Do not mix bytes and str!

You have the unfortunate job of taking an untyped Python codebase and adding type annotations to it. Most of this is pretty mechanical and easy, but then you run into this:

def parse_http_header_value(s):
    s = s.strip()
    if is_valid(s):
        return s
    raise ReallyBadException("u r bad")

some_str: str
g: Callable[[str], str]
g(parse_http_header_value(some_str))

some_bytes: bytes
h: Callable[[bytes], bytes]
h(parse_http_header_value(some_bytes))

You can't annotate parse_http_header_value as (str -> str) because it can operate on bytes, and you can't annotate it as (bytes -> bytes) because it can operate on str. You can't even annotate it as (str | bytes -> str | bytes) because that doesn't express that the return type is the same as the argument type, so the calls to g and h will not type check. You're sure there's a solution using TypeVars, but you don't really understand TypeVars and don't want to make this complicated.

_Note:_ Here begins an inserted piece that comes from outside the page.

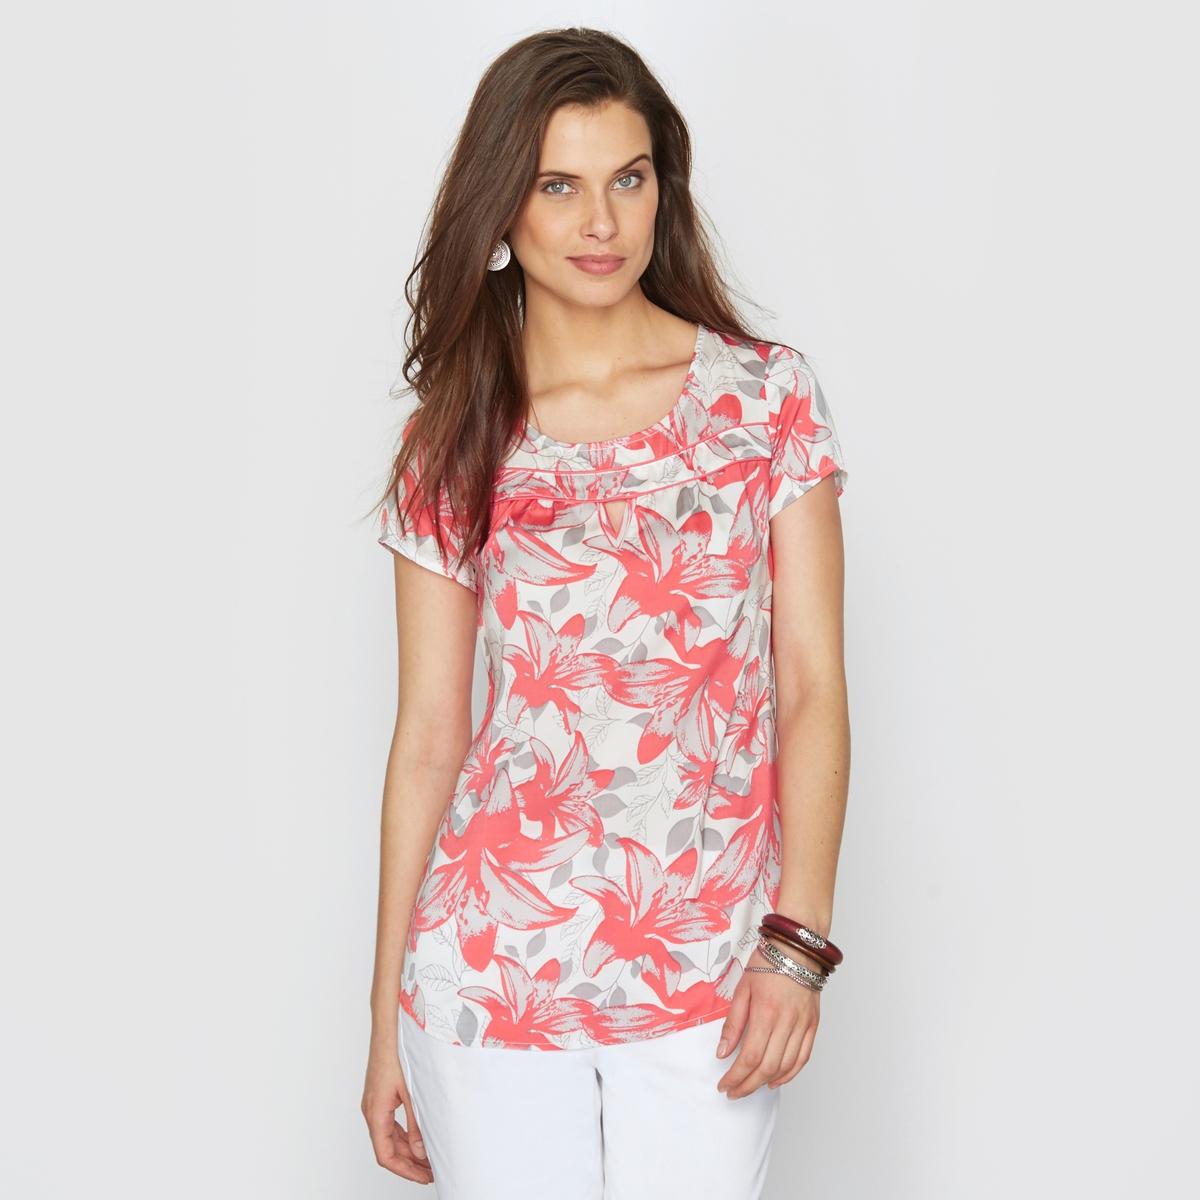 Блузка из струящегося сатина, прикосновение шёлка

Then, you have a realization. A bytes object is just a sequence of integers in [0, 0x100). A str object is just a sequence of integers (called "code points") in [0, 0x110000). You can just convert the bytes object into the str object representing exactly the same sequence of integers, pass that to f, then convert the result back to bytes in exactly the same way. You know how to do this; just use bytes.decode and bytes.encode to convert the bytes object to and from str. You split parse_http_header_value into two functions, one (str -> str) and the other (bytes -> bytes):

def parse_http_header_value(s: str) -> str:
    s = s.strip()
    if is_valid(s):
        return s
    raise ReallyBadException("u r bad")

def parse_http_header_value_for_bytes(s: bytes) -> bytes:
    return parse_http_header_value_for_str(s.decode()).encode()

You replace each call to parse_http_header_value with a call to either f_for_str or f_for_bytes, and a test fails:

Traceback (most recent call last):
  File "/the/path/to/the/tests.py", line 7, in <module>
    assert parse_http_header_value_for_bytes(b"\xff") == b"\xff"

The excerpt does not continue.